Observe $\frac{1}{1+w^2}= \frac{1}{(w-i)(w+i)}$
As a hint the question gives: Consider $S= (- i \infty , -i] \cup [i, + \infty i)$. Clearly this set is not open and the begin and endpoints $-i$ and $i$ give a problem, since then the quotient is not defined (singularities). But I don't see how to provide an argument why in $ \mathbb C \setminus S$ it does not matter which path we take. This set is open because it is the the complement of a closed set.
(b) find an explicit formula for arctan in terms of $g(z)$ where: $$g(z)= \int_{\Gamma_z} \frac{1}{z}dz$$ where $\Gamma_z$ is any curve connecting $1$ to $z \in \mathbb C \setminus (-\infty , 0]$
What kind of tricks can I use here? I don't see a direction to move forward in. Earlier we had to show that this function $g(z)$ coincides with the principal value logarithm, maybe I can use this somehow....

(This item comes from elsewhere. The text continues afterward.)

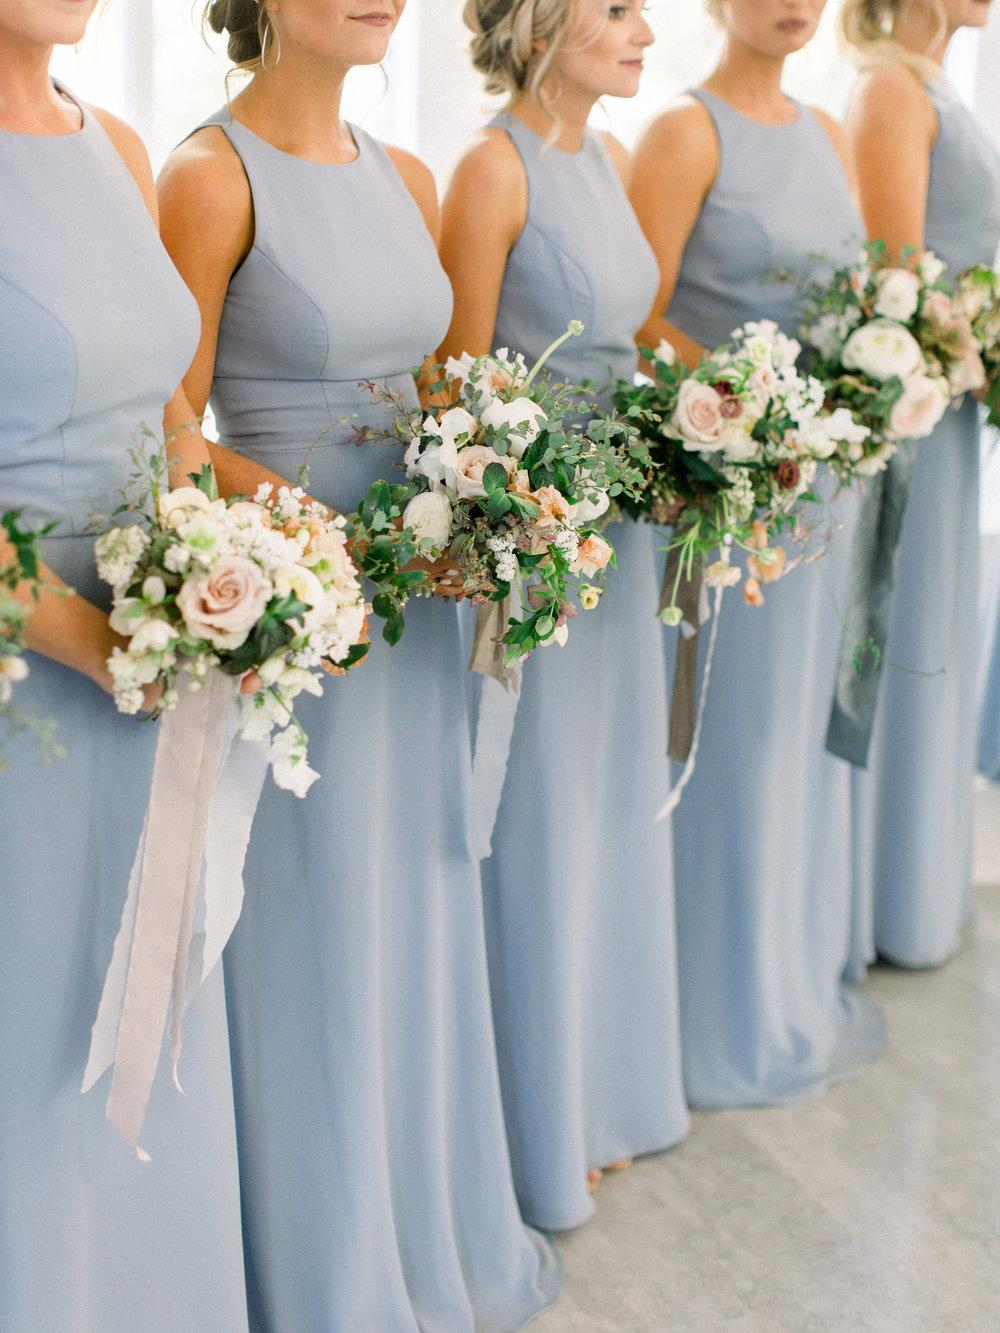 jessica-zimmerman-bridesmaid-bouquets-blue-silk-ribbon.jpg

(a) You got to consider branch cuts. $$\int_{\gamma_z} \frac{1}{1+w^2}dw=2\pi i(n+m),$$ where $n,m$ are winding number of $\gamma_z$ around $i$ and $-i$, resp.. Every time you go around $i$ or $-i$, you are changing the integral by $2\pi i$. The point is to avoid such "going around". In order to prevent spinning around those singularities, it is necessary to remove two curves that connect those singularities to $\infty$.
$S= (- i \infty , -i] \cup [i, + \infty i)$ is a good example for this. So $U=\mathbb C- S$ is the open set you want. However, there are other possible $U$ as well. e.g. $U=\mathbb C-[-i,i]\cup[0,+\infty]$.
(b) $$ \frac{1}{1+w^2}=\frac{(1/2)i}{w+i}+\frac{-(1/2)i}{w-i}. $$ Using this result, $$ \arctan w=\int_{\gamma_z}\frac{(1/2)idw}{w+i} + \int_{\gamma_z}\frac{-(1/2)idw}{w-i}\\ =\frac{i}{2}(g(w+i)-g(i))-\frac{i}{2}(g(w-i)-g(-i)). $$